Oluşturulma Tarihi: Kasım 15, 2005 13:03
Meşum o günün üzerinden tam iki yıl geçti. 15 Kasım 2003 günü sabahı İstanbul ikiz bombalı saldırılarla sarsılmıştı. Bunu 20 Kasım’daki ikinci ikiz bombalı saldırı izledi. Toplam 62 kişi öldü yüzlerce kişi de yaralandı. 15 Kasım günü Neve Şalom Sinagogu’nda meydana gelen patlamada, astsubay emeklisi olan güvenlikçi Oktay Gemici de feci şekilde yaralandı.
Hepimizin hafızalarında yaşayan o korkunç görüntüsünde olduğu gibi, yüzü parçalanırken, bir gözü görmez oldu, diğeri ise görme yeteneğini büyük ölçüde kaybetti. O gün harap olan binalar şimdi onarıldı. Ancak yıkılan hayatlar yaşadıkları dramla baş başa kaldılar. İşte Oktay Gemici onlardan biri... Tempo Dergisi’den Nilüfer Kas, o yıkık hayatı kaleme aldı...

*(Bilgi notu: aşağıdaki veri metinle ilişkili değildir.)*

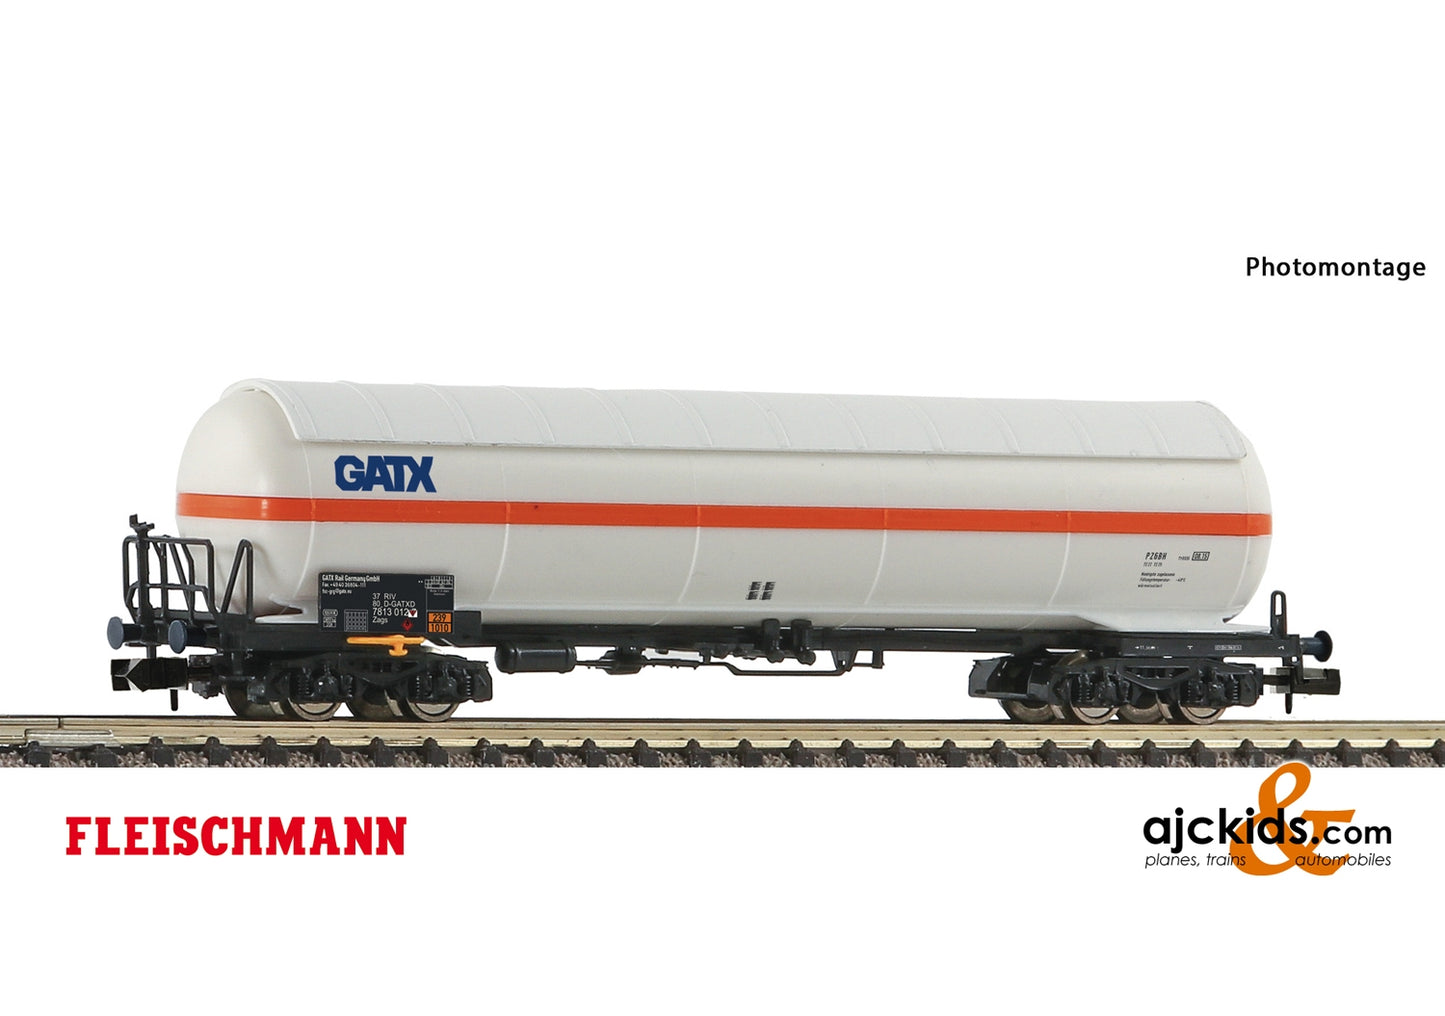 Fleischmann 849111 - Pressurised gas tank wagon Display 849110 #1

Patlamadan 22 dakika sonra amatör bir fotoğrafçı tarafından bulunması sayesinde hayatta kalabilen Oktay Gemici’nin o tam sayfa çıkan resmi patlamanın simgelerinde bir haline gelmişti. Bir 15 Kasım günü küçükken babasız kalan Oktay Gemici az daha hayatını kaybedecekti. Ama amatör fotoğrafçı Alp Sime tarafından bulunarak hastaneye kaldırılması sağlanan Oktay Gemici, 6 saat süren ameliyatla yüzü bir telle tutturuldu. Bir iki hafta içinde iyileşeceğini sanırken, iki hafta sonra bir gözünün kör olduğunu, diğerinin ise hayal meyal görüntüleri seçebildiğini anladı.
ACI ÜSTÜNE ACI
Birbirini takip eden ameliyatlardan sonra zorlu ve acılı günler geçiren Oktay Gemici, bu hafta yayınlanan Tempo Dergisi’ne verdiği röportajda, ‘Tüm bunlara rağmen yaşamam güzel. Herşeye rağmen çocuklarımın yanında olmak güzel’ dedi. Ama Gemici, bir gözünü kaybetmenin acısını, ‘Şimdi traş olurken bile yeniden yaşıyorum’ sözleriyle ifade etti. Bir de patlamadan birkaç ay sonra yaşadığı bir başka anının kendisini hepten yıktığını ifade etti. Gemici o anıyı şöyle anlattı: ‘Oğlumun okulunda veli toplantısı vardı. Ama oğlum bana ‘Baba, toplantıya gelme, arkadaşlarımın senden korkmasını istemiyorum’ dedi. Bir baba olarak bunu duymayı istemezdim. Ölümden döndüm, ama hiçbirşey eskisi gibi olmadı.’ Oktay Gemici için hiçbirşey eskisi gibi olamadı. Yeniden işine dönemedi. Malulen emekli oldu. Acılarına başka acılar da eklendi. Hastanede yatarken gelen gideni çok oldu, bol bol vaatler ve sözler verildi. Ama hastaneden çıkınca kimse kapısını çalmadığını söyledi. Gemici bu acısını da şöyle dile getirdi: ‘Musevi toplumundan, Hahambaşılıktan şunu beklerdim; bu saldırıdan sonra bizi yalnız bırakmamalıydılar. Devletse onarılması güç yaraları tedavi etmek yerine, tamir etmeyi tercih etti.’
Astsubay iken terörün en azgın günlerinde dağda bayırda mücadele eden Oktay Gemici İstanbul’un göbeğinde bir bombanın kurbanı olmanın acısını, eşinin ve çocuklarının sevgisiyle dindirmeye çalıştığını söyledi.